In 2016, tithes of $102,259,179 were received from the membership of 120,475. If we all tithed 10%, and assuming 25% of church members are not in the labor force, Atlantic Union Conference could receive $299,259,9001.  This computation is based on the average income per capita ($33,123) of the seven states in the Atlantic Union Conference (Connecticut, Maine, Massachusetts, New Hampshire, New York, Rhode Island, and Vermont) as given by income by zip code. Compared to the 2016 tithes, this is a significant increase. Guess what the church could do with this surplus?

The current policy states that 18 cents of every tithe dollar retained2 by the conference goes to education to pay a portion of teachers’ salaries and benefits and to funds for the education department. This means $11,596,191 went to support elementary schools and academies in the Union. If we all tithed, $33,936,073 could go to education. And if we could convince the policymakers (North American Division) to increase educational support to 25 cents instead of 18, the church’s educational system could receive $47,133,434. There is no doubt that schools in our union could be affordable or even free.

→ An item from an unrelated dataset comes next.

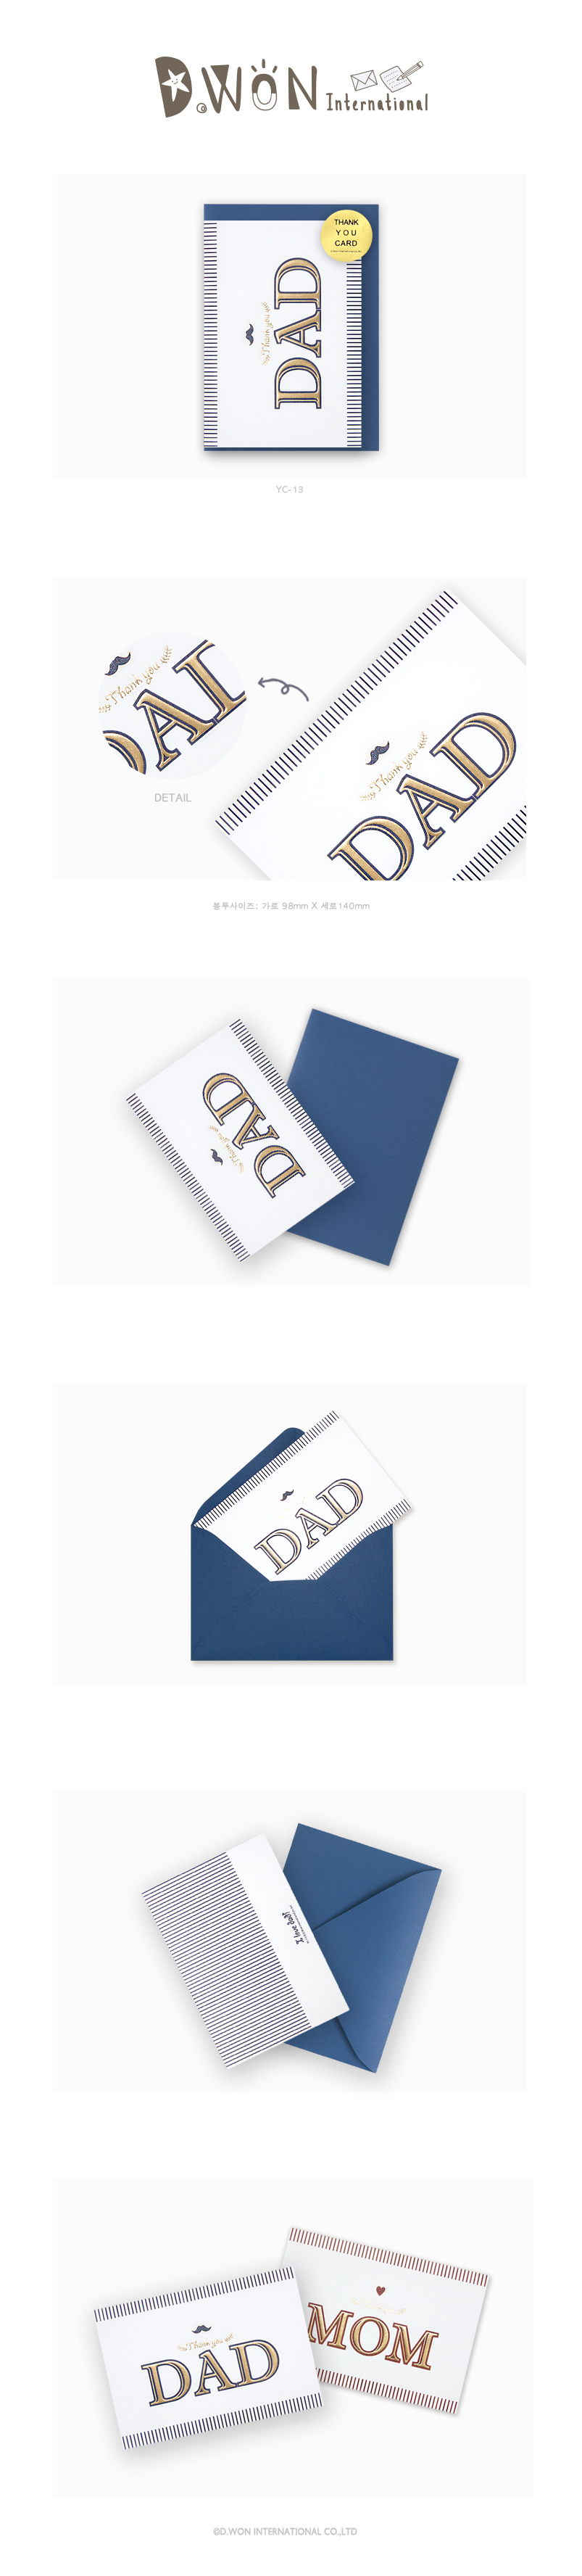 DAD 감사카드 YC-132,500원-디원디자인문구, 카드/편지/봉투, 카드, 감사 카드바보사랑DAD 감사카드 YC-132,500원-디원디자인문구, 카드/편지/봉투, 카드, 감사 카드바보사랑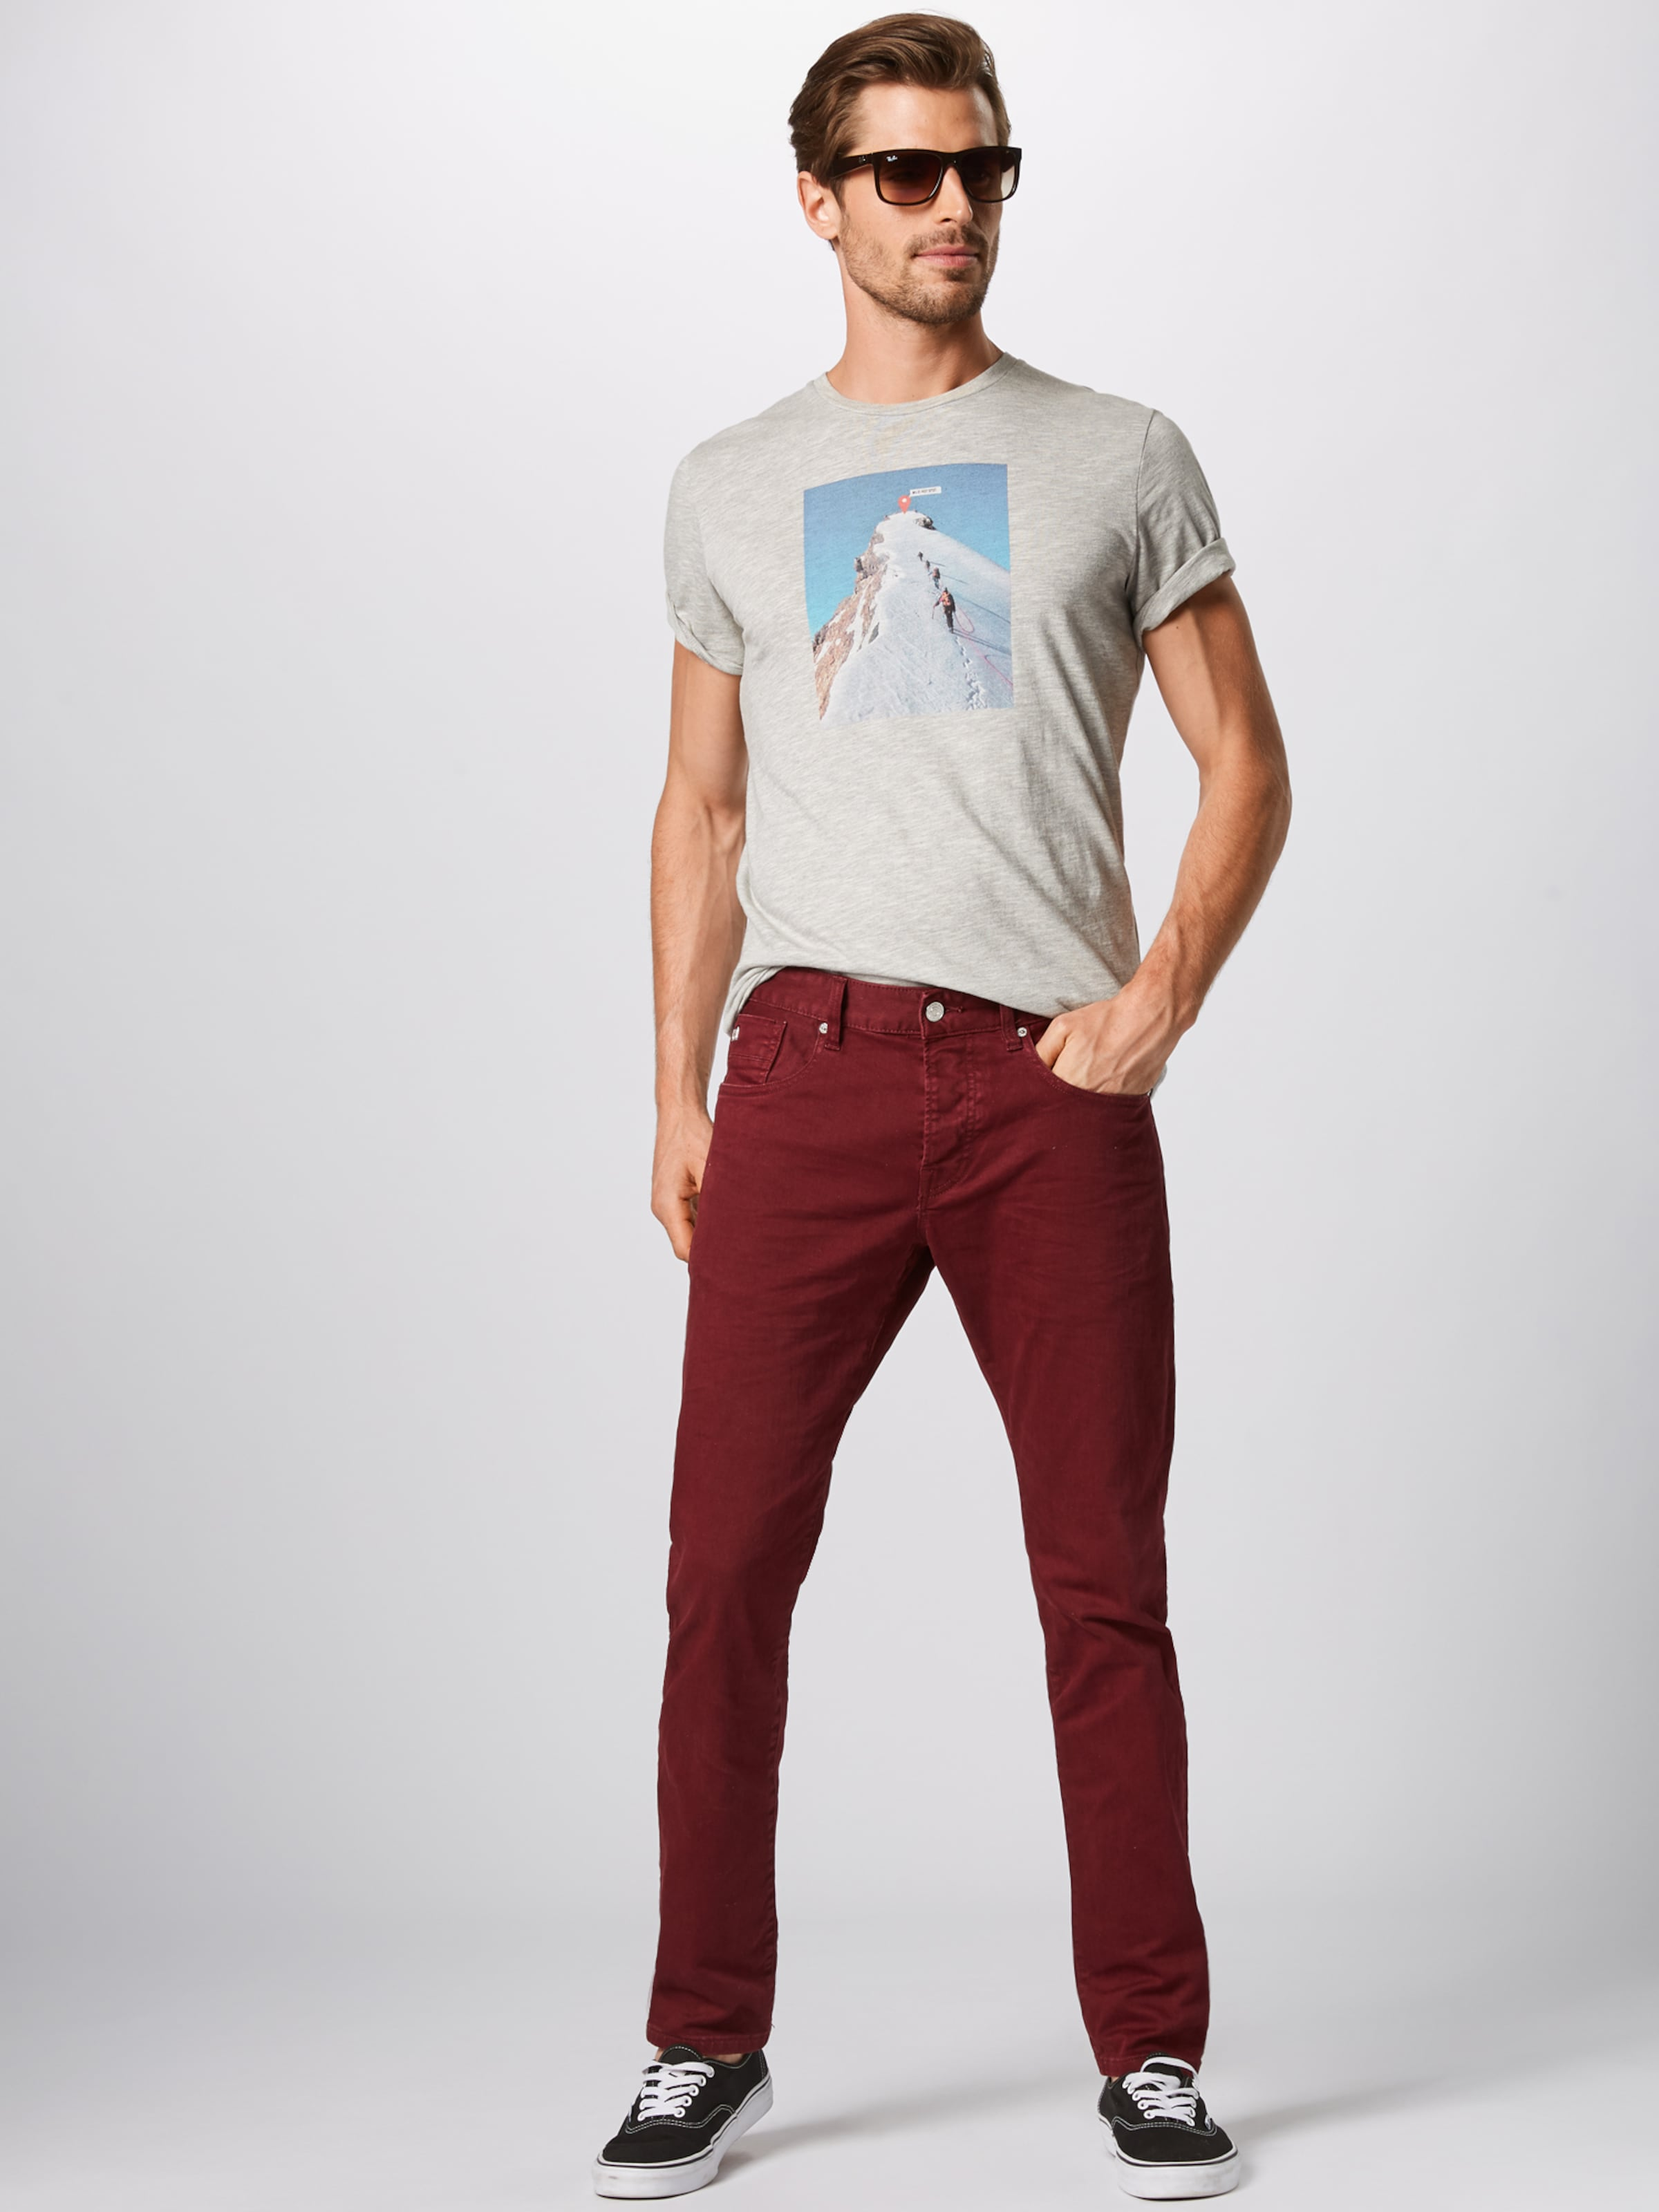 Jones Jackamp; En shirt T BleuGris Chiné qMzVSpU

So why are we not giving? How did we neglect to cultivate the soil around our fruitful tree? How did we forget to water it? Matthew 6:21 says, “For where your treasure is, there will your heart be also.” It seems our priorities have shifted to other demands of life and neglected our Christian education. The Lord has been good to me and to you. “What shall I return to the Lord for all his goodness to me?” Psalm 116:12. My prayer is that we seek God first and his righteousness by returning a faithful tithe to expand his kingdom in our communities through our school system.

 

Notes & References:

1. Average annual income per capita excluding Bermuda is estimated at $33,123.

2. Southern New England Conference retains 63% of the tithe dollar received.

 

Issumael Nzamutuma is Vice President for Academic Affairs at Atlantic Union College.